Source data
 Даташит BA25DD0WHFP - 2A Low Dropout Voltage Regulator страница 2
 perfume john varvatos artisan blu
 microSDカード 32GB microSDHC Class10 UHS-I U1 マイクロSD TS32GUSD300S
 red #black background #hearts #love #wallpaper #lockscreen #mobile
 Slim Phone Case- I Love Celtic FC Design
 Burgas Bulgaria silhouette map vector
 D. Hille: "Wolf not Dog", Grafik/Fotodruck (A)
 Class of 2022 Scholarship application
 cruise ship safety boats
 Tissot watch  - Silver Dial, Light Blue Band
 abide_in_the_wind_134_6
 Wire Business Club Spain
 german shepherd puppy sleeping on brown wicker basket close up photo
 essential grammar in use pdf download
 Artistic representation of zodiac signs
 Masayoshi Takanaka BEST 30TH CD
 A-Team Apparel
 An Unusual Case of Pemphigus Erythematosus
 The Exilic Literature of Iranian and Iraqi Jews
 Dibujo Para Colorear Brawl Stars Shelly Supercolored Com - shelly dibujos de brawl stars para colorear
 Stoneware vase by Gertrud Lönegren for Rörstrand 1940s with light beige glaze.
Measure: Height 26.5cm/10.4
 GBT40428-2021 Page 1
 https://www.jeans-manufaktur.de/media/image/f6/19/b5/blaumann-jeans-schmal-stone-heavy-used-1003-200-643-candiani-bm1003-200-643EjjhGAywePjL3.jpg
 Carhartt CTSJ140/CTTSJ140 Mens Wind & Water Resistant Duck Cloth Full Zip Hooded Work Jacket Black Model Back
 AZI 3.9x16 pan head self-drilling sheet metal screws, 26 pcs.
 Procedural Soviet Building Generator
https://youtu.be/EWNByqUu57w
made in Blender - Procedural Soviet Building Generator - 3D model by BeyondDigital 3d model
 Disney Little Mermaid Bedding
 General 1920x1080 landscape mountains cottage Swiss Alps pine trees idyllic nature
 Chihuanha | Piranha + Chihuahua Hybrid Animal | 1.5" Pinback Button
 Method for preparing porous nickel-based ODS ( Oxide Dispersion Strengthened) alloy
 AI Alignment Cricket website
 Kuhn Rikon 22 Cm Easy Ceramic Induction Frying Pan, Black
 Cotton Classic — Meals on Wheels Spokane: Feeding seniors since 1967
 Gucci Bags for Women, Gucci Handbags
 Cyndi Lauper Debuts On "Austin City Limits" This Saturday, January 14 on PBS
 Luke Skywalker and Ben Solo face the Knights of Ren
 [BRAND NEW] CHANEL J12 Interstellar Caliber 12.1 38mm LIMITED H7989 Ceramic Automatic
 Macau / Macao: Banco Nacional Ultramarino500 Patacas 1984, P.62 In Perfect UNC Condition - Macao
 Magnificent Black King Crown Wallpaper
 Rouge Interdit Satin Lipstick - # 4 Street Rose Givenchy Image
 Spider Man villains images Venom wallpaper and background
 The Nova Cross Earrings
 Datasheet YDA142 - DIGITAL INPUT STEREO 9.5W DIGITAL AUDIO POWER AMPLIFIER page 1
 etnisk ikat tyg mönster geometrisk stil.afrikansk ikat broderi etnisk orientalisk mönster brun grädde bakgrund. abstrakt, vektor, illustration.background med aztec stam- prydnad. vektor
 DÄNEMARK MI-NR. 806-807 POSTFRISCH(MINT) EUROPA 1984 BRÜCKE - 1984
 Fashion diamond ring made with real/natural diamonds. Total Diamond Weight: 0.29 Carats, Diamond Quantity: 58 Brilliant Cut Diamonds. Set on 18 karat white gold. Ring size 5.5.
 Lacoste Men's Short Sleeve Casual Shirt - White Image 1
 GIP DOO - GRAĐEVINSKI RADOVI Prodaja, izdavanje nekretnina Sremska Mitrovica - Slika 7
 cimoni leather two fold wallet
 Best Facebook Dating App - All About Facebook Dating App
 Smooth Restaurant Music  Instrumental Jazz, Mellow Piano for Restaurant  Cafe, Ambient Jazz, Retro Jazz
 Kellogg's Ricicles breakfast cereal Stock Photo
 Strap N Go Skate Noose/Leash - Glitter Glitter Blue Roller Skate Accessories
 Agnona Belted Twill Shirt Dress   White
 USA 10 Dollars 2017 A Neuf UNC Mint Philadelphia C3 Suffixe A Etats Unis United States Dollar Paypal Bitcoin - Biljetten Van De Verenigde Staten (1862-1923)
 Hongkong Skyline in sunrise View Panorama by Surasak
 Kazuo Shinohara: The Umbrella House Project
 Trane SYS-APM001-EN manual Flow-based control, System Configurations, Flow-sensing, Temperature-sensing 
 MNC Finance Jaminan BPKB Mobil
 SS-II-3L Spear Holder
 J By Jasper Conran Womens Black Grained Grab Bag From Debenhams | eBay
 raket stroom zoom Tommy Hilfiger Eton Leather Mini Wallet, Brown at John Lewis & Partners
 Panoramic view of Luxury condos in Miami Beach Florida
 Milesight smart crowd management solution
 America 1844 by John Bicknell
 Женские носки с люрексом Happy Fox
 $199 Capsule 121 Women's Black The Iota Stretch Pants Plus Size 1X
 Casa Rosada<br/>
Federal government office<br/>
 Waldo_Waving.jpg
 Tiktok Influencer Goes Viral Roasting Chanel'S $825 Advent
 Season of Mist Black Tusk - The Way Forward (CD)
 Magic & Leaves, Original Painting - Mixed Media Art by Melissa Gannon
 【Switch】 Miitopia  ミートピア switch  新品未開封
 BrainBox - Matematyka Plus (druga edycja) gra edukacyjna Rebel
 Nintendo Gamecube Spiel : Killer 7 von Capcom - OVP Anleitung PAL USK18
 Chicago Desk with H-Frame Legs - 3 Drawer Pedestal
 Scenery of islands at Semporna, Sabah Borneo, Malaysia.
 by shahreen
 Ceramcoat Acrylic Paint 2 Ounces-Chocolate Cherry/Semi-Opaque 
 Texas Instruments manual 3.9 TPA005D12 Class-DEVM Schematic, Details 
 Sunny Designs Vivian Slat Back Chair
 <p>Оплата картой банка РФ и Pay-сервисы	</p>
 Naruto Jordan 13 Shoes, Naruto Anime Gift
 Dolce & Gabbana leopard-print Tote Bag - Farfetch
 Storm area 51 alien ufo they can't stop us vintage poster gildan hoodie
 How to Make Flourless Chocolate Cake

ABOUT THIS EXERCISE
Could you print, word for word, the line containing "Plus Size 1X" and every line after it through the end of the records, and nothing else?

TASK ANSWER
 $199 Capsule 121 Women's Black The Iota Stretch Pants Plus Size 1X
 Casa Rosada<br/>
Federal government office<br/>
 Waldo_Waving.jpg
 Tiktok Influencer Goes Viral Roasting Chanel'S $825 Advent
 Season of Mist Black Tusk - The Way Forward (CD)
 Magic & Leaves, Original Painting - Mixed Media Art by Melissa Gannon
 【Switch】 Miitopia  ミートピア switch  新品未開封
 BrainBox - Matematyka Plus (druga edycja) gra edukacyjna Rebel
 Nintendo Gamecube Spiel : Killer 7 von Capcom - OVP Anleitung PAL USK18
 Chicago Desk with H-Frame Legs - 3 Drawer Pedestal
 Scenery of islands at Semporna, Sabah Borneo, Malaysia.
 by shahreen
 Ceramcoat Acrylic Paint 2 Ounces-Chocolate Cherry/Semi-Opaque 
 Texas Instruments manual 3.9 TPA005D12 Class-DEVM Schematic, Details 
 Sunny Designs Vivian Slat Back Chair
 <p>Оплата картой банка РФ и Pay-сервисы	</p>
 Naruto Jordan 13 Shoes, Naruto Anime Gift
 Dolce & Gabbana leopard-print Tote Bag - Farfetch
 Storm area 51 alien ufo they can't stop us vintage poster gildan hoodie
 How to Make Flourless Chocolate Cake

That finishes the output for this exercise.